= William Lower (astronomer) =

English astronomer (1570–1615)

Sir William Lower (1570 – 12 April 1615) was an English astronomer from the early telescopic period, and a Member of Parliament.

He was born in Cornwall, and after studying at Exeter College, Oxford, he married and settled in South-west Wales. In 1607, he observed Halley's Comet and took a number of careful measurements which he communicated to Thomas Harriot, by which it was determined that the comet was following a curved course. Lower suggested that the comet's orbit obeyed Kepler's laws (instead of being an atmospheric phenomenon or following a rectilinear path, as was generally thought at the time).
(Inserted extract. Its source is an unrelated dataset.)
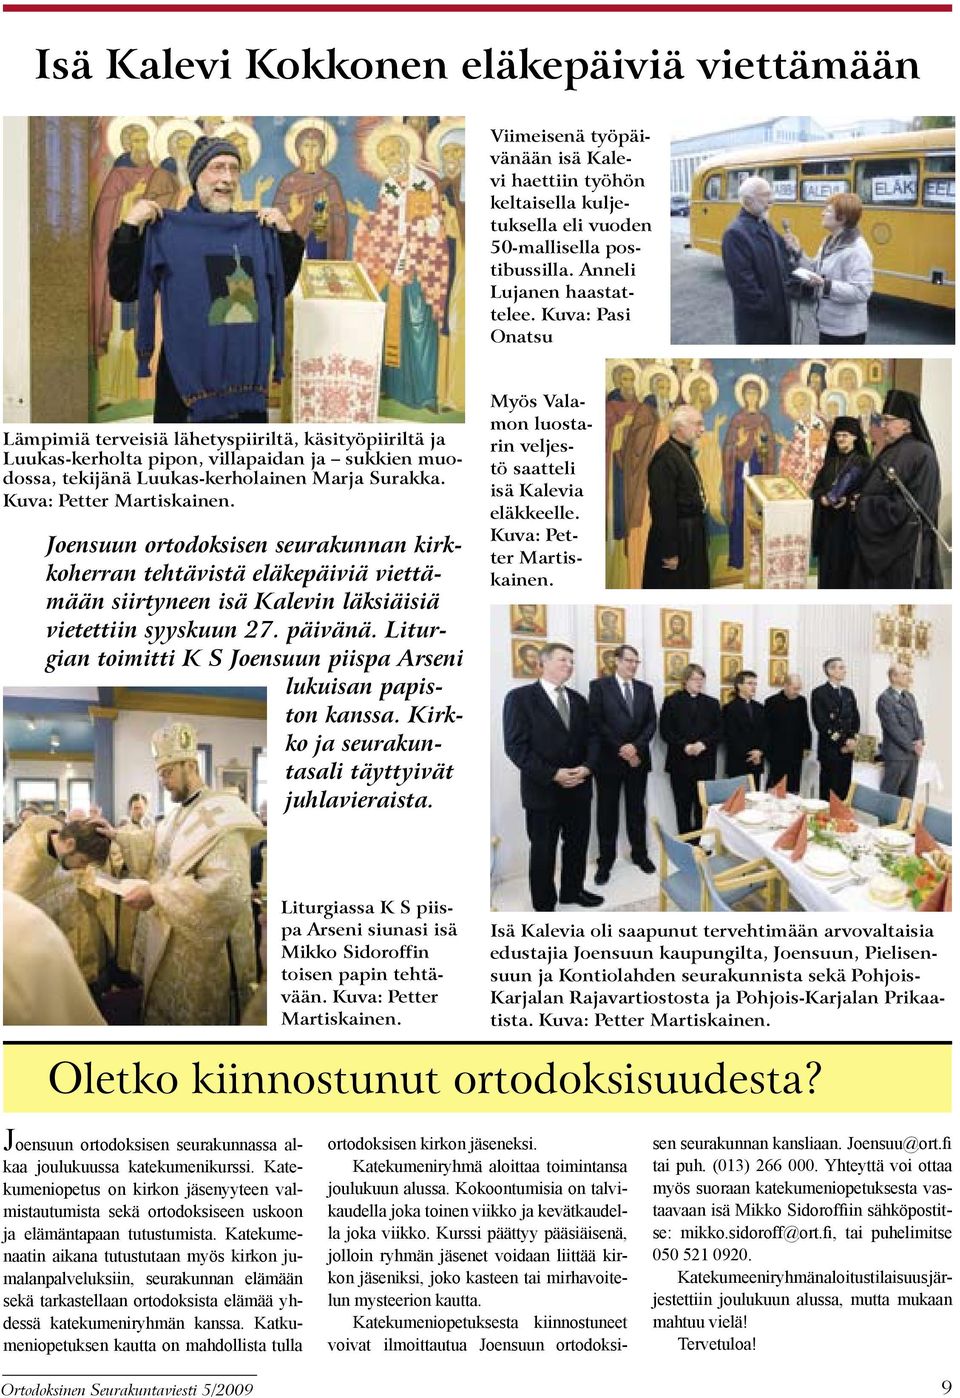 Joensuun ortodoksisen seurakunnan kirkkoherran tehtävistä eläkepäiviä viettämään siirtyneen isä Kalevin läksiäisiä vietettiin syyskuun 27. päivänä.

Using a telescope that had been provided by Harriot, Lower made a number of observations of the moon, and noted that its surface appeared irregular and "like a tart that my cooke made me last weeke". Similar observations were published by Galileo a few weeks later.

Lower represented Bodmin in the 1601 parliament, and Lostwithiel from 1604 to 1611. He was knighted in 1603.

Lower married Penelope Perrot, the daughter of Sir Thomas Perrot and Dorothy Devereux, by whom he had three sons and a daughter. After Lower's death Penelope (née Perrot) married secondly Sir Robert Naunton, by whom she had a daughter Penelope, who married Philip Herbert, 5th Earl of Pembroke.